On Sat, Nov 17, 2007 at 02:07:34AM 0500, Anne Archibald wrote:
On 16/11/2007, Rahul Garg <rahulgarg44@gmail.com> wrote:
It would be awesome if you guys could respond to some of the following questions : a) Can you guys tell me briefly about the kind of problems you are tackling with numpy and scipy? b) Have you ever felt that numpy/scipy was slow and had to switch to C/C++/Fortran? c) Do you use any form of parallel processing? Multicores? SMPs? Clusters? If yes how did u utilize them?
If you feel its not relevant to the list .. feel free to email me personally. I would be very interested in talking about these issues.
I think it would be interesting and ontopic to hear a few words from people to see what they do with numpy.
a) I use python/numpy/scipy to work with astronomical observations of pulsars.

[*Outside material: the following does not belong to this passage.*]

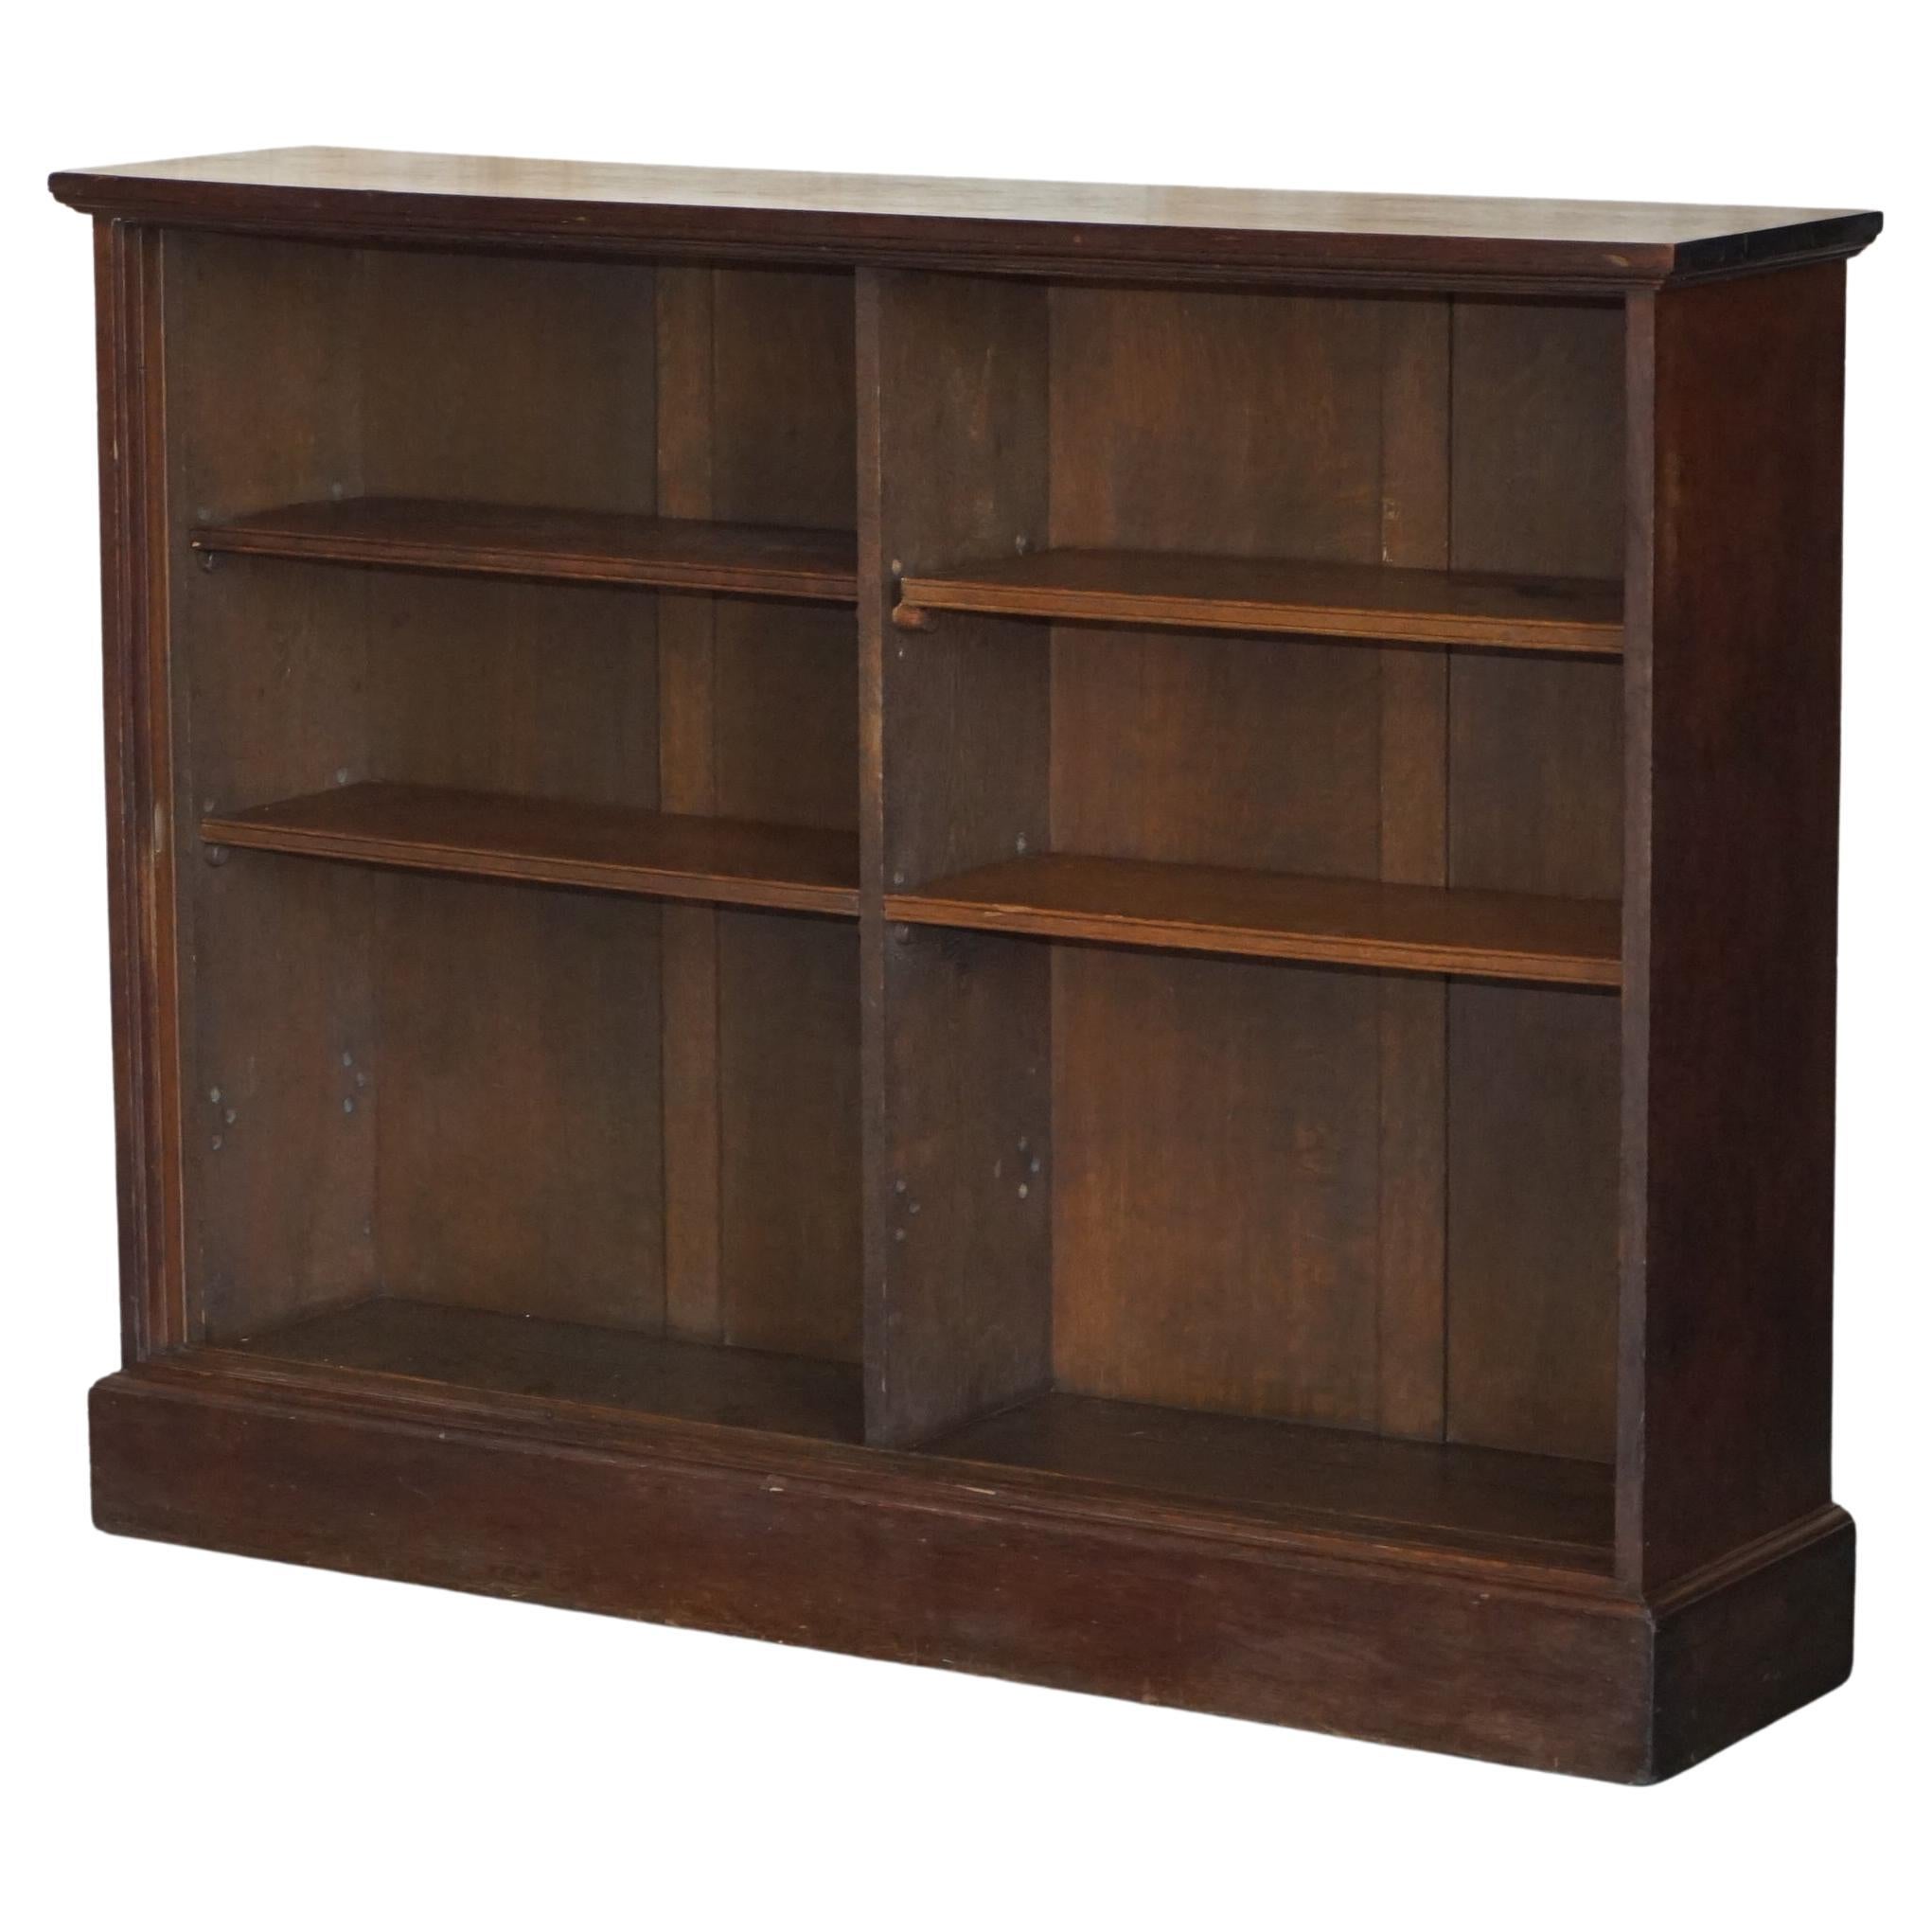 1 of 2 Antique Victorian Dwarf Open Library Bookcases with Two Shelves Per Side For Sale

This includes a range of tasks including: simple scripting to manage jobs on our computation cluster; minor calculations (like a better scientific calculator, though frink is sometimes better because it keeps track of units);
So does 'ipython p physics': In [1]: x = 3 m/s^2 In [2]: y = 15 s In [3]: x*y Out[3]: 45 m/s Regards Stéfan
Hi Rahul,
a) Can you guys tell me briefly about the kind of problems you are tackling with numpy and scipy?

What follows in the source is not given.